DATASET CONTENT.
_ _ _ _
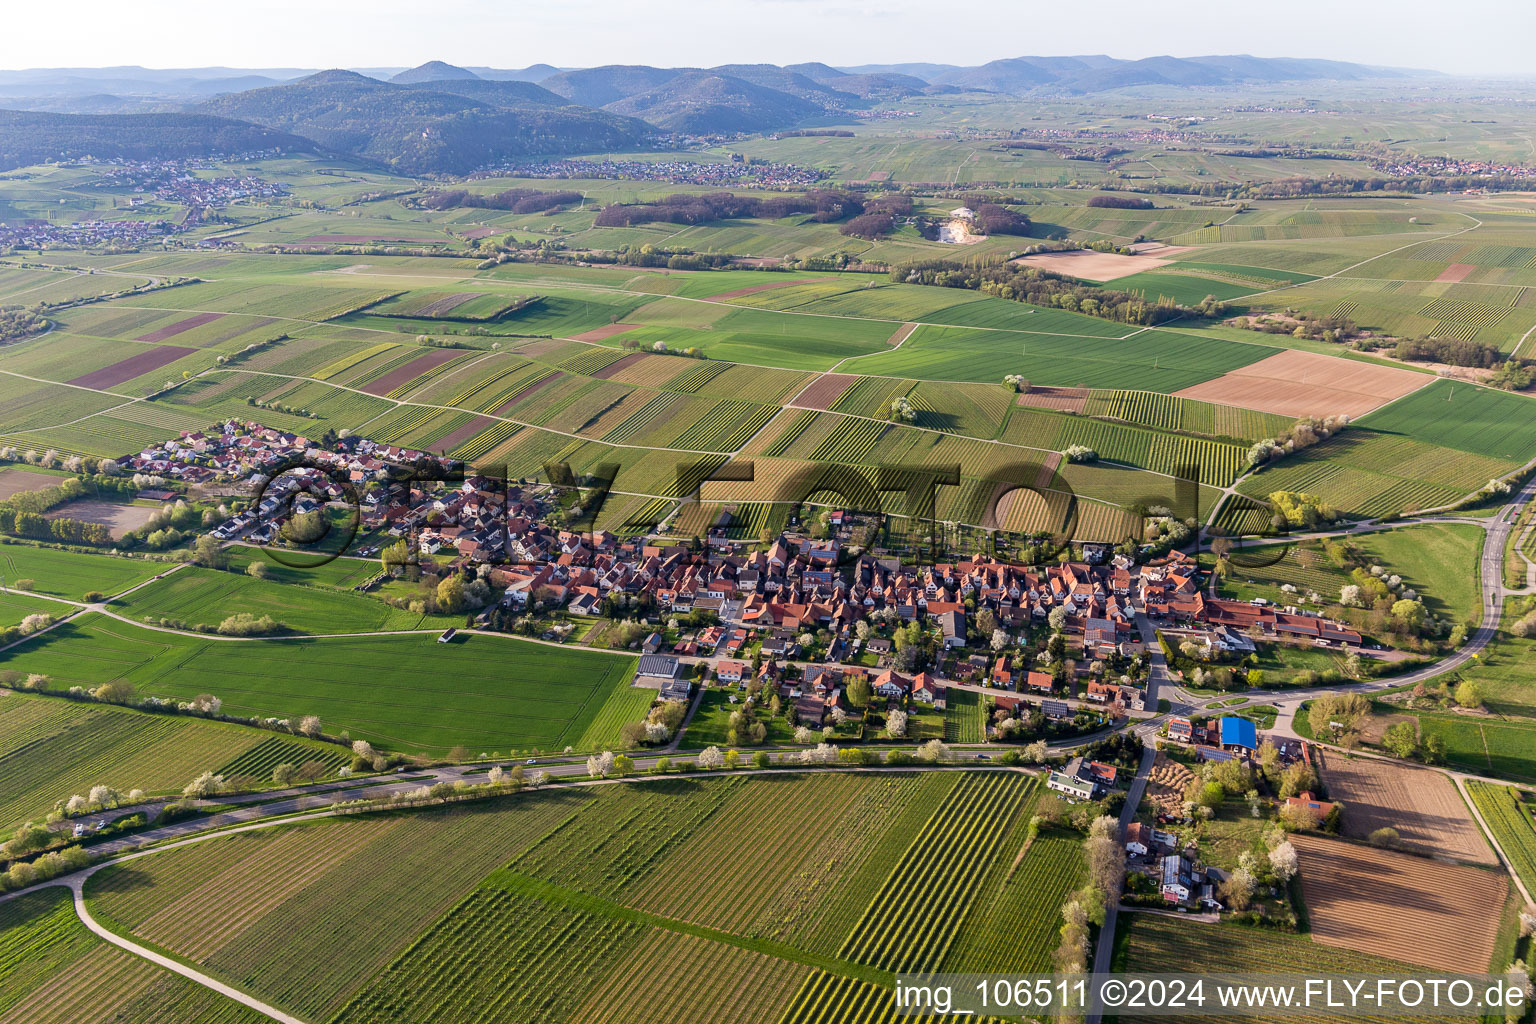 Bird's eye view of Niederhorbach in the state Rhineland-Palatinate, Germany
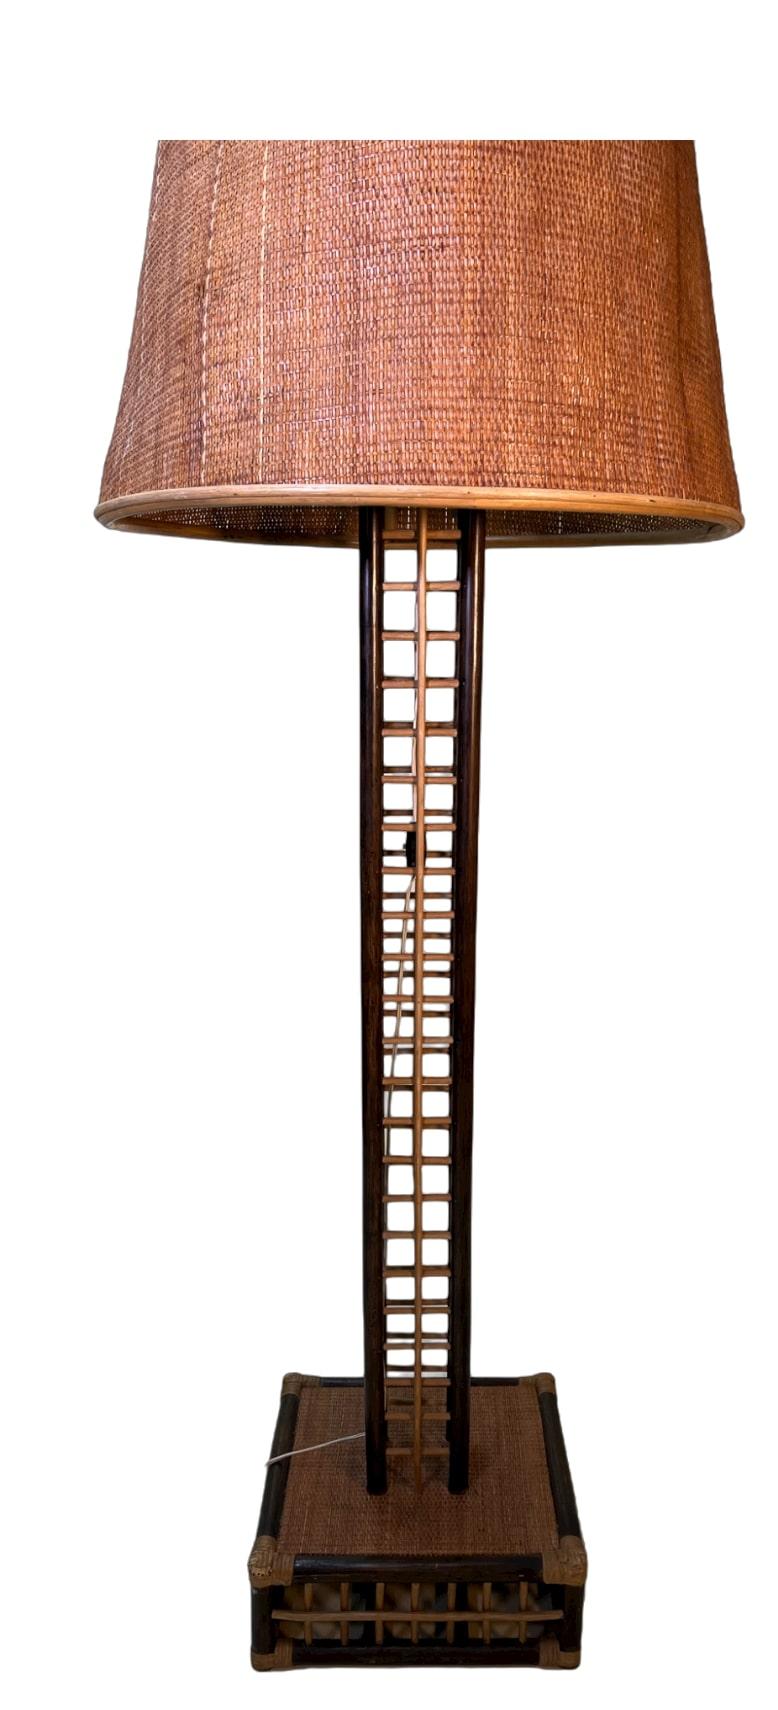 1970's Bamboo Floor Lamp.
Bamboo floor lamp dark brown and beige. Light brown shade. 
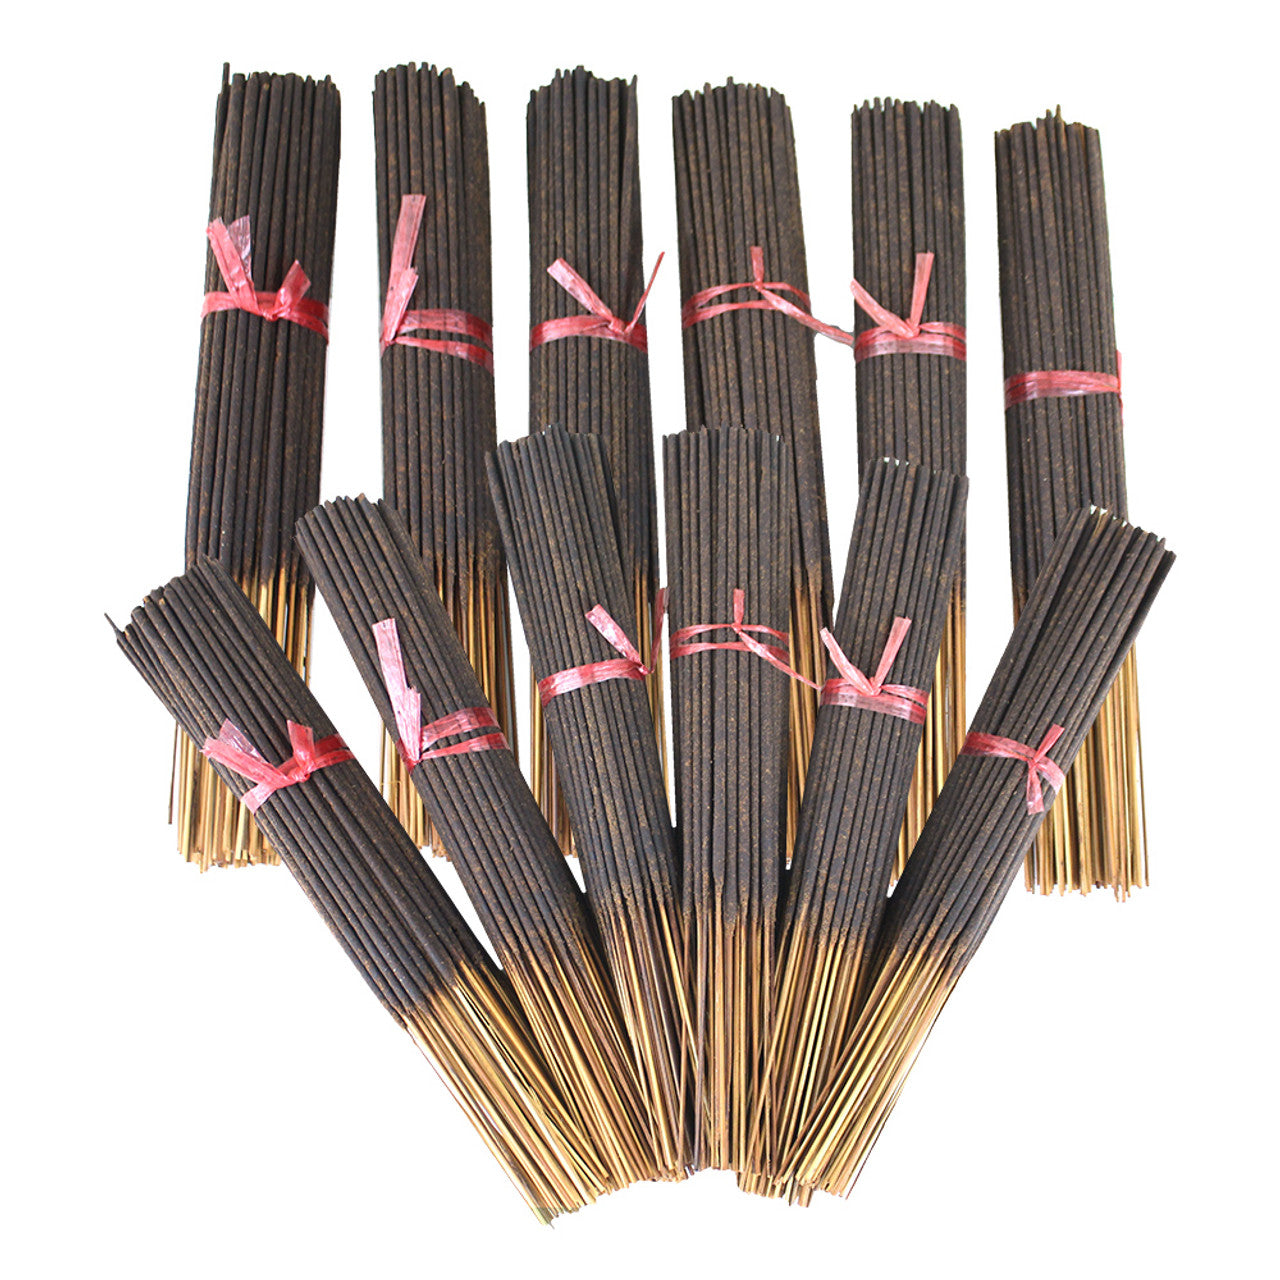 11 " Fragrant Incense Stick Bundles (approx 95-100 sticks)
_ _ _ _
BRIEF. The line containing "Bamboo floor lamp dark" and each line after it through the end of the listing above are to be written out exactly, without the pictures.

PROBLEM SOLUTION.
Bamboo floor lamp dark brown and beige. Light brown shade. 
 11 " Fragrant Incense Stick Bundles (approx 95-100 sticks)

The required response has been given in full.